# Treadle machine



## Delrio (Mar 11, 2007)

Does anyone on this forum use one??? Do you like it??


----------



## simplefarmgirl (Mar 31, 2006)

I learned how to sew on a treddle machine, my gramma had one so did my mom. I very much would like to have one, so expensive if you are able to find one in good condition with all the parts.. I love to sew and when we loose our power which is a favorite time for me I would use it to sew. So yes I love a treddle sewing machine


----------



## bopeep (Apr 2, 2007)

I also learned to sew on one, my Grandma had one, you really have to concentrate to be able to use it, my sister always had trouble getting it to sew forwards she could go backwards real good.

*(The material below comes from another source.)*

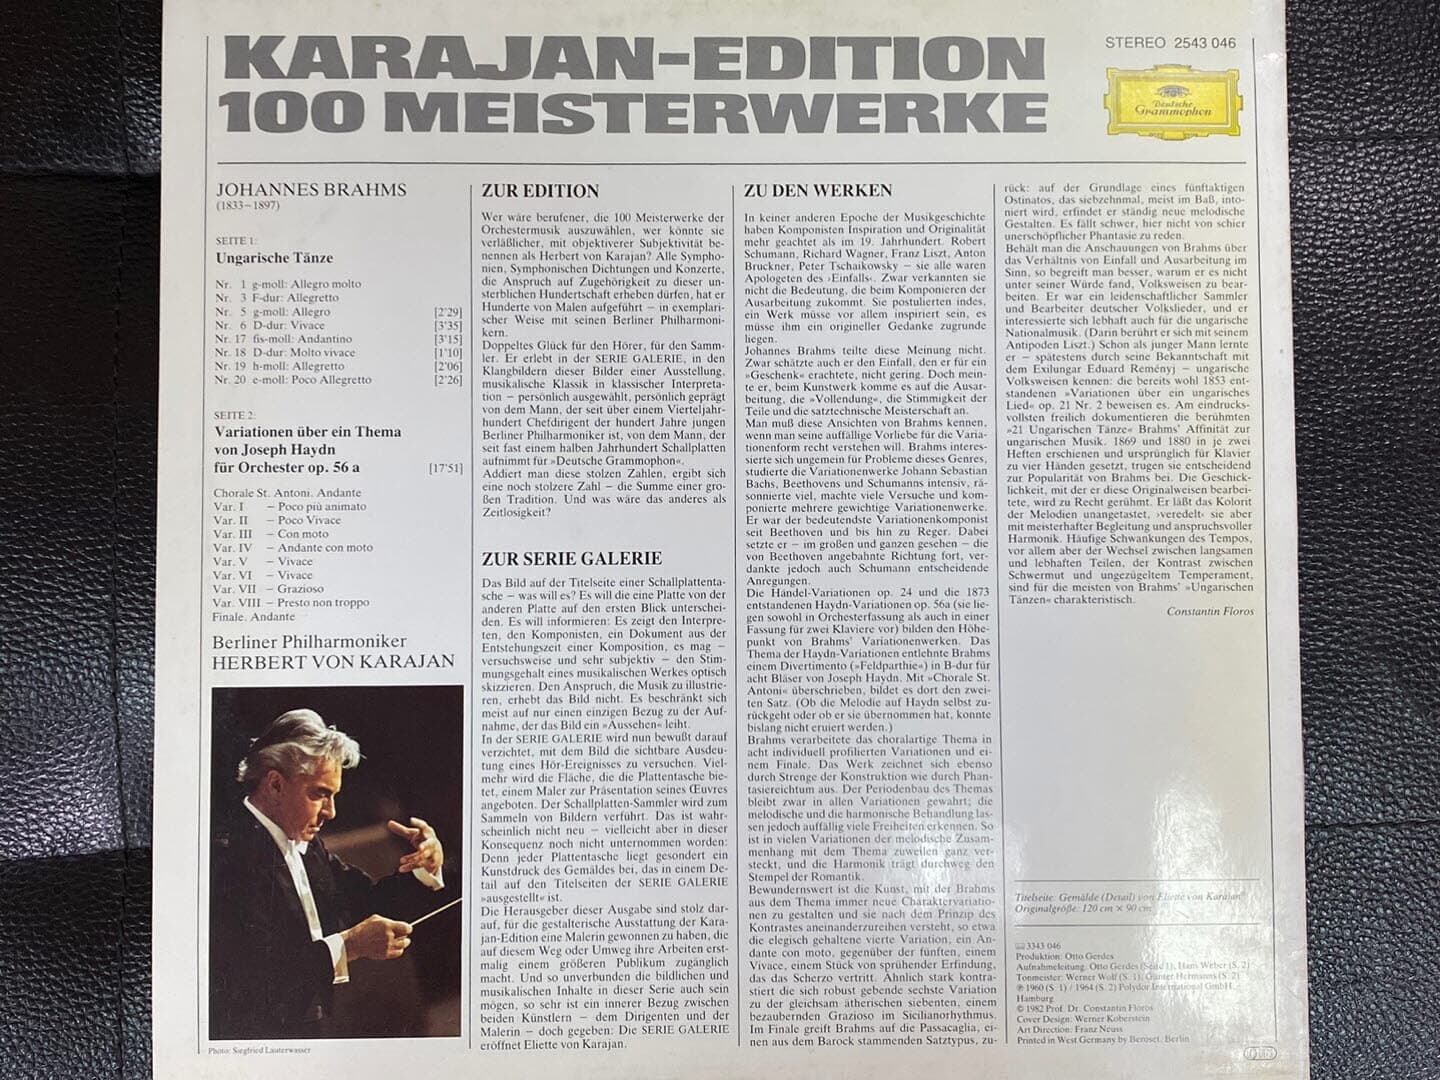 [LP] 카라얀 - Karajan - Brahms,Haydn 8 Ungarische Tanze,Variationen [Karajan-Edition 100] LP [독일반]

I would like to have one, I saw one at a yard sale a few years ago, I was afraid to ask the price, I thought it would be a lot, as I was getting in my car to leave, the lady gave it to someone else, I told myself next time I would ask, have not seen one sense.
bopeep


----------



## Kmac15 (May 19, 2007)

I have the one my late MIL bought new before she got married (DH is an only child) with all the attachments and manual. DH likes to use it and keeps it in good running order, I have used it a few times but prefer to use my modern machine. About 10 years ago we were in a singer store and noticed a few old machines so as a joke we told him what we had, singer with all the goodies and in a like new cabinet, what would he offer us for it? Would you believe $50? Yes we still have it LOL

Karen


----------



## PAcountry (Jun 29, 2007)

I have one its not in working order right now but it was my moms and she gave it to me about 4 years ago. I loved sewing on it when I was a kid. I want to get it running again but just never seems like the right time.

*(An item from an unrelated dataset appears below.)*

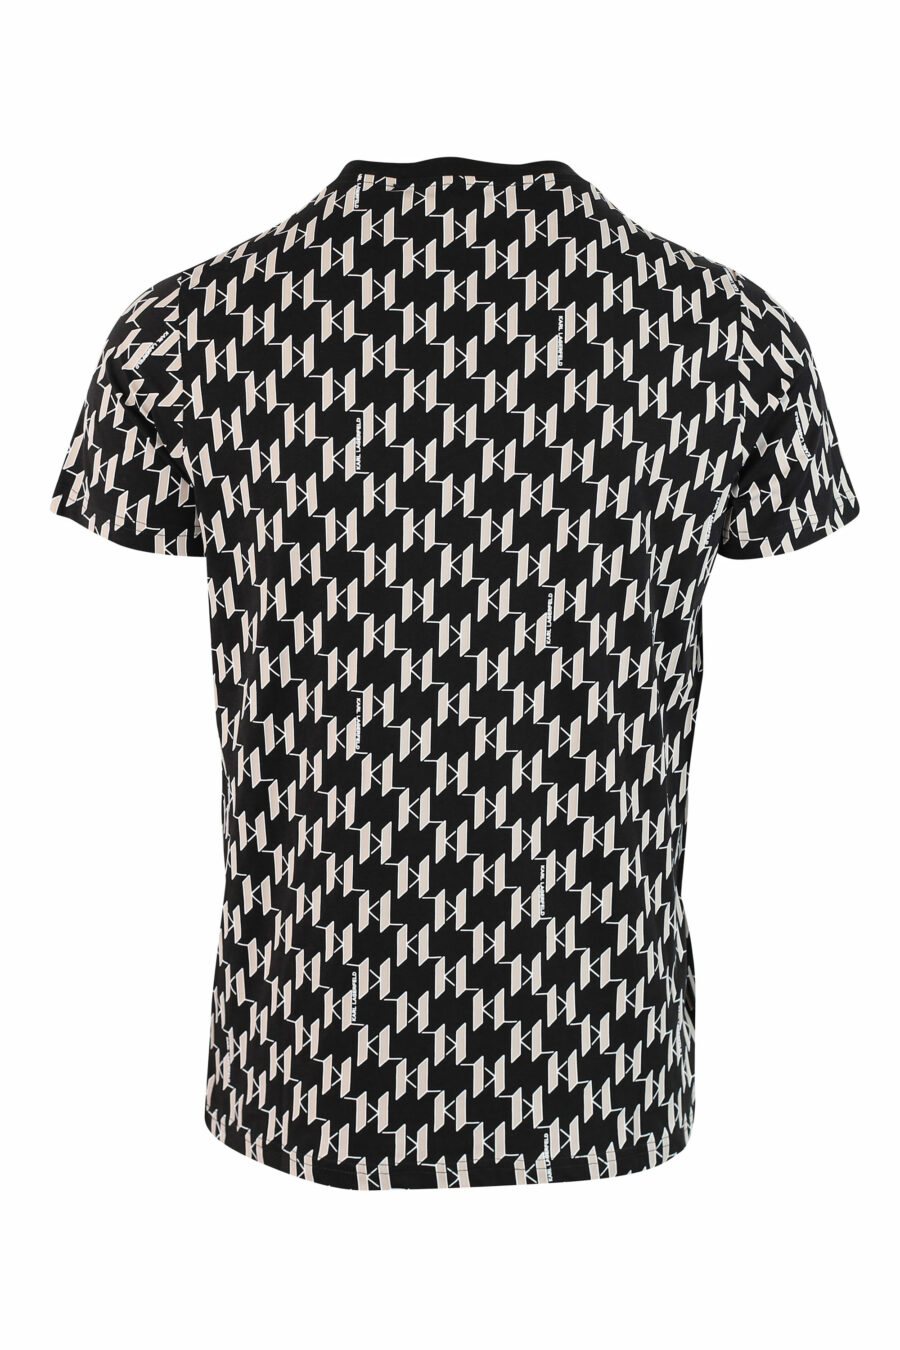 Camiseta con monograma negro y beige - IMG 9819

Before my mom gave it to me she was going to sell it the antiq dealer only wanted to give her 50 for it becasue in working order he said she could only get 150 out of it.
I see them all the time 150-200 so check around


----------



## simplefarmgirl (Mar 31, 2006)

wow around here if you can find one the run over $200-$300 even at yard sales.Saw one last year, beautiful conditions and all attachment, they wanted 300.00 at a yard sale, and it was worth it just didnt have the extra $300.00 for it Since i do have 2 regular machines


----------



## materursa (Feb 26, 2007)

Yes! I have a Singer model 66 Redeye and I love to sew on it. I have an electric (much more modern) machine, but it hasn't been used since I got my treadle up and going. You can buy a treadle for a whole lot of money, but if you look, you can find deals too. I bought one this spring that had attachments and a manual with it for $30 at a yard sale. Particularly for someone unfamiliar with treadles, I would suggest getting a Singer brand one. There's more information and parts available for them. I have also picked up several machine heads (no cabinet or treadle irons) for not much $5-$15. Some of these had been converted to electric with a potted motor on the back (which are easy to take off), and many of which are able to be converted to hand cranks. If you would care for links for information about use, cleaning, or dating, I'd be happy to share.

Amanda


----------



## Meg Z (Jun 8, 2004)

I learned on my grandmother's treadle, and inherited it, so I still have it to use. And I do use it occasionally. It has all the parts, feet, etc. It can't do any zigzag stitches of course, but it can do far more practical stuff than can my modern machine! With one foot, I can feed it three different fabrics...the bottom on will lay flat, the second will ruffle, and the third will turn into piping! 

Grandmother chose well. 

Meg


----------



## daisybell (Jul 13, 2007)

I have an old treadle and I really like it. My daughter would rather sew on it than anything else. You might check and see if you have a "freecycle.org" in your area and put a wanted on it. Someone might have one that they had forgot about. I did that for an old wringer washer and got one within a week, (after searching everywhere else for better than 2 years). I hope you can find one.


----------



## Delrio (Mar 11, 2007)

I would love to find one!!


----------